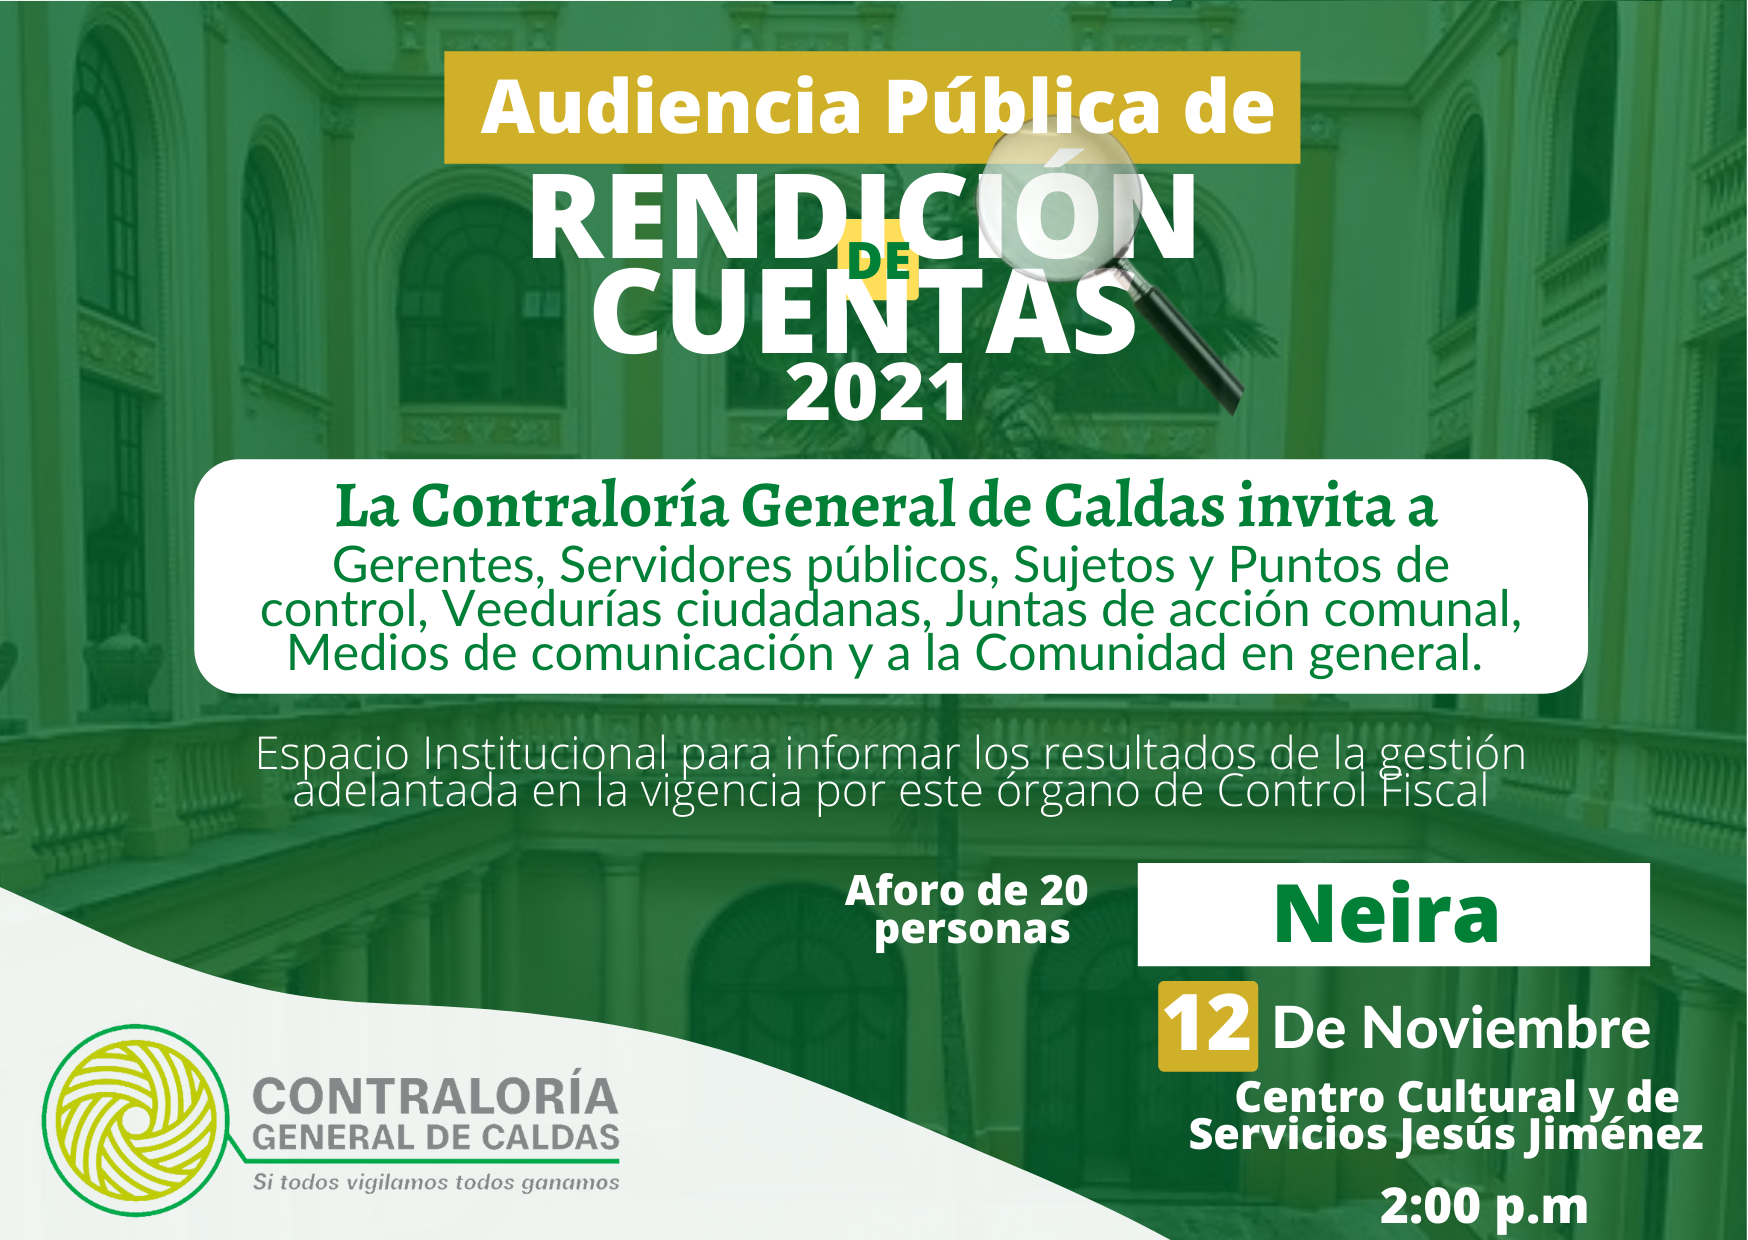 La Contraloría General de Caldas invita a la Audiencia Pública de Rendición de Cuentas que se realizará el 12 de Noviembre, en el Municipio de Neira.
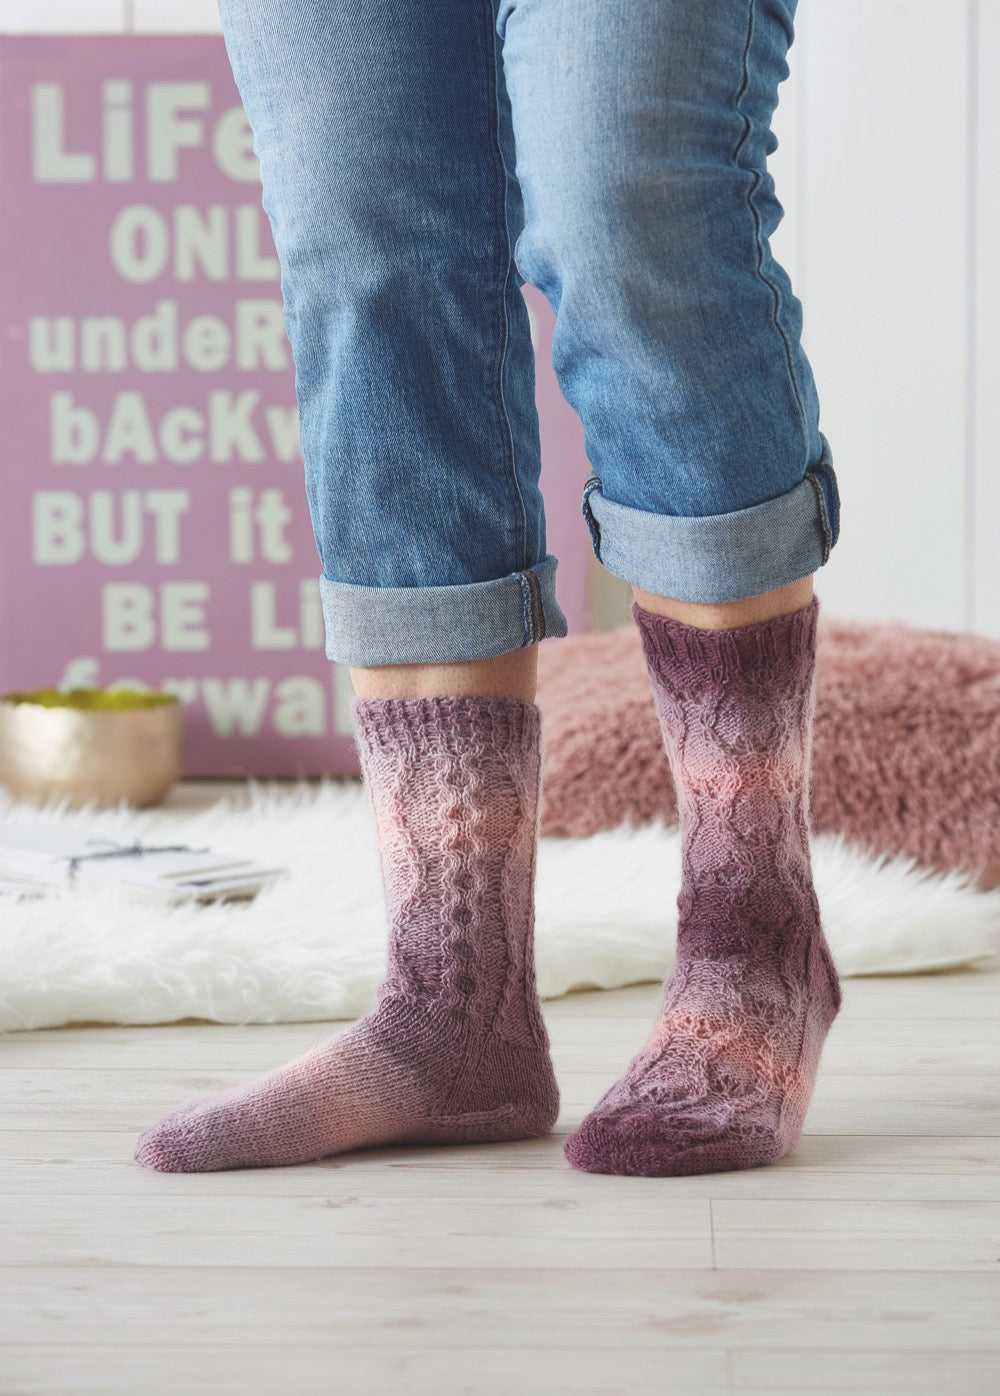 Woolly Hugs Year Socks stricken mit japanischen Mustern
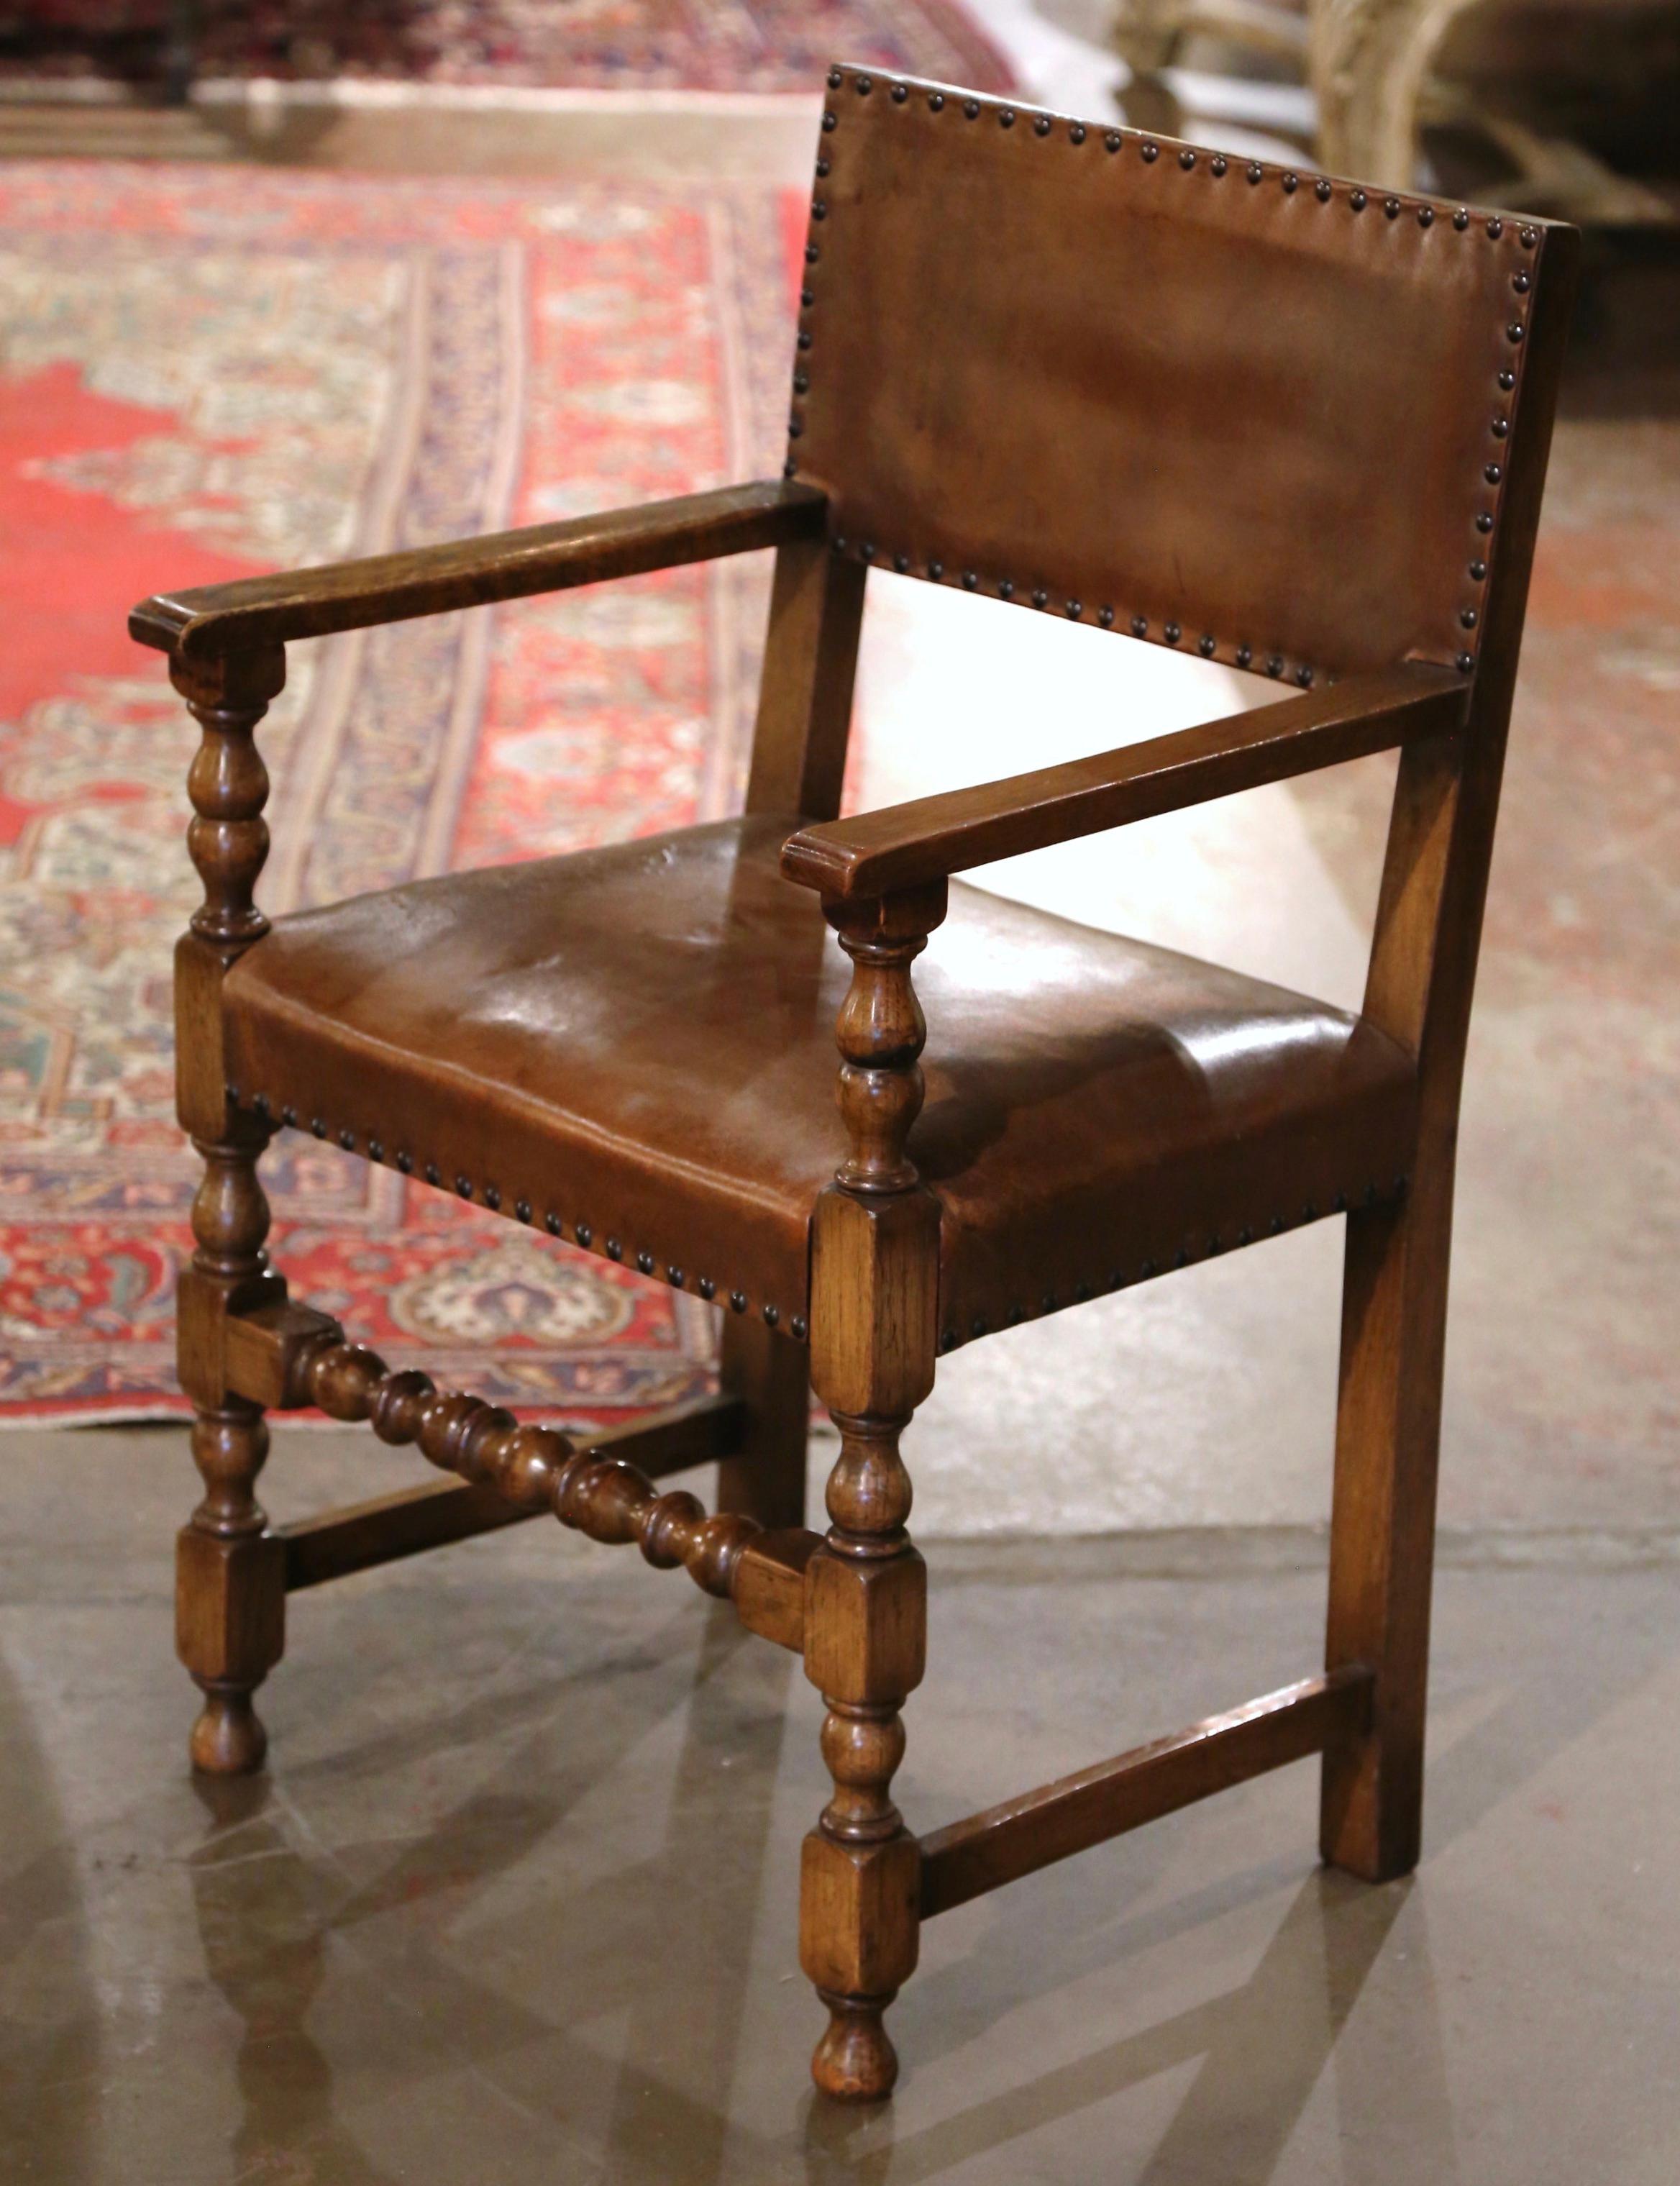 Fabriqué dans le sud de la France vers 1890, en bois de chêne, ce confortable fauteuil repose sur des pieds tournés à l'avant et sur une traverse inférieure. Il présente une large assise, des accoudoirs ouverts et un dossier rectangulaire incurvé.

*TASK DETAILS*
Leave the pictures aside. Set down exactly the lines from the one with "Woolly Hugs Year" through the final line of the listing above.

*OUTPUT OF THE EXERCISE*
 Woolly Hugs Year Socks stricken mit japanischen Mustern
 Fabriqué dans le sud de la France vers 1890, en bois de chêne, ce confortable fauteuil repose sur des pieds tournés à l'avant et sur une traverse inférieure. Il présente une large assise, des accoudoirs ouverts et un dossier rectangulaire incurvé.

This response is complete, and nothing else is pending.